__AIM OF THE EXERCISE__: Your copy must hold all of the data below, unchanged and without images.

__RECORDED DATA__:
------------------------------------------------

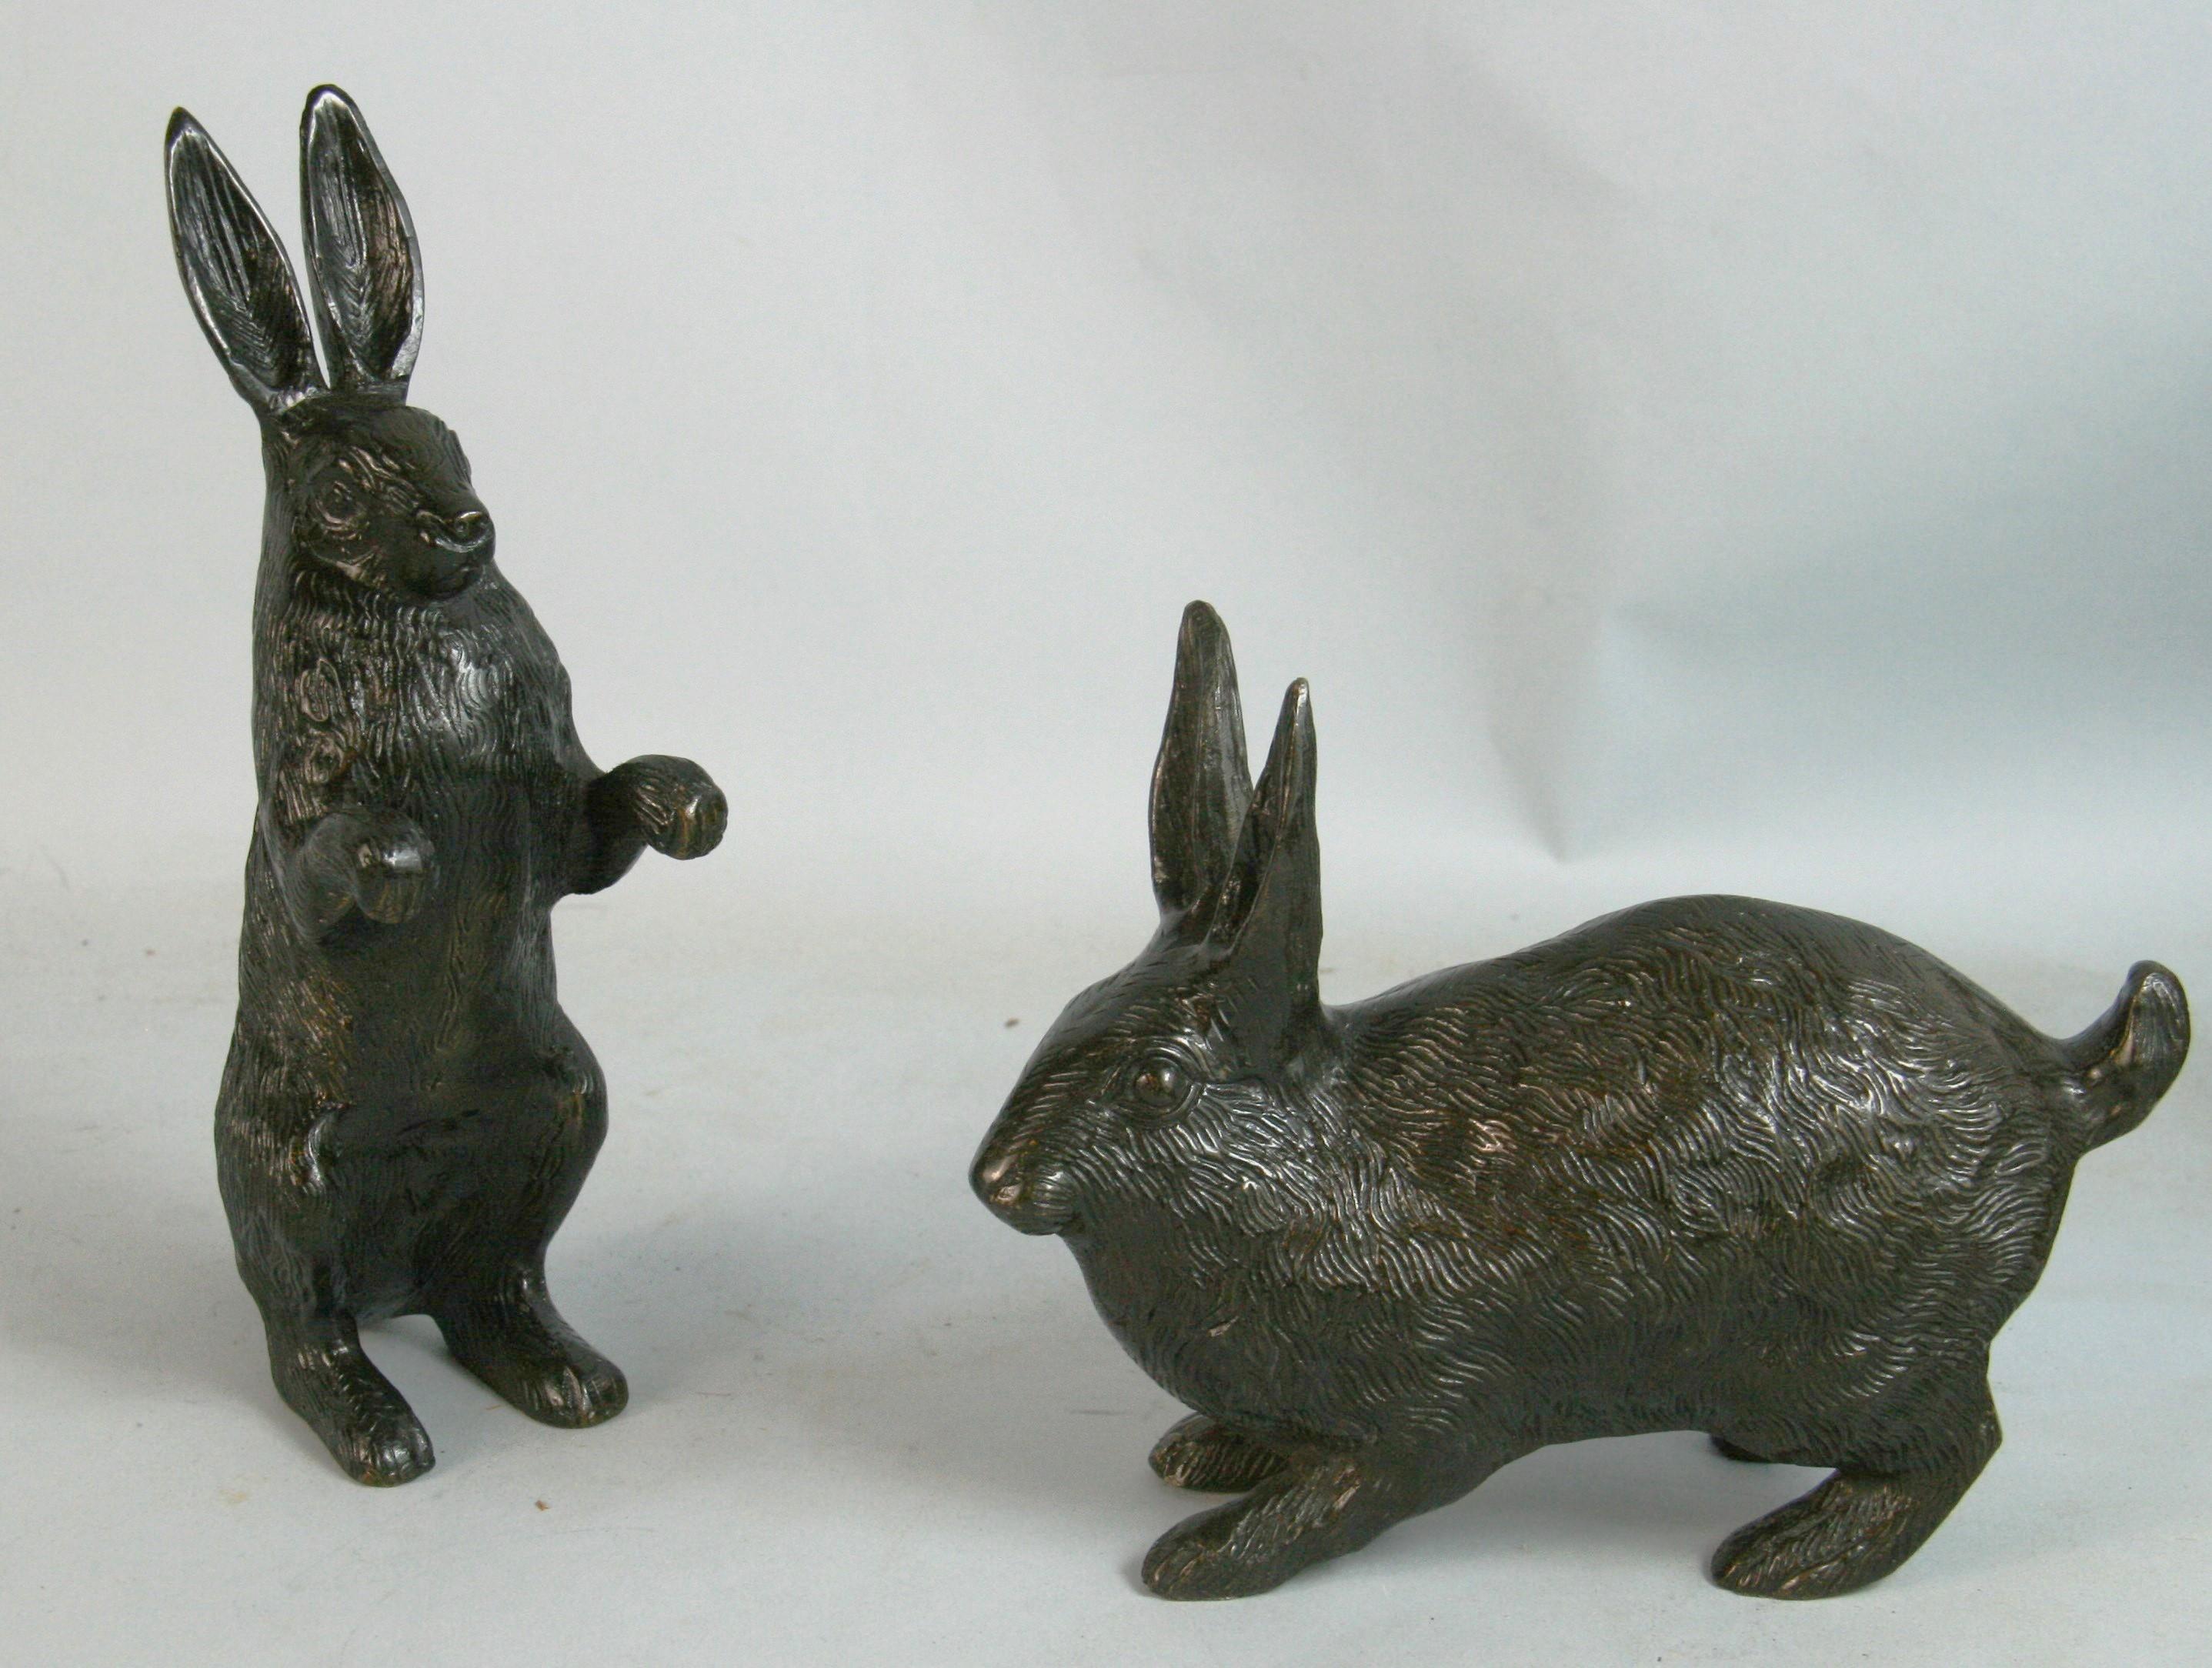 1577 Paire de lapins de jardin en bronze coulé à la main, l'un debout et l'autre accroupi
Ses lignes de poils finement détaillées et sa patine d'origine chocolat noir en font une paire parfaitement assortie.
Mesures : Debout 8.5x2.5x4

------------------------------------------------

__ANSWER FOR THIS EXERCISE__:
 1577 Paire de lapins de jardin en bronze coulé à la main, l'un debout et l'autre accroupi
Ses lignes de poils finement détaillées et sa patine d'origine chocolat noir en font une paire parfaitement assortie.
Mesures : Debout 8.5x2.5x4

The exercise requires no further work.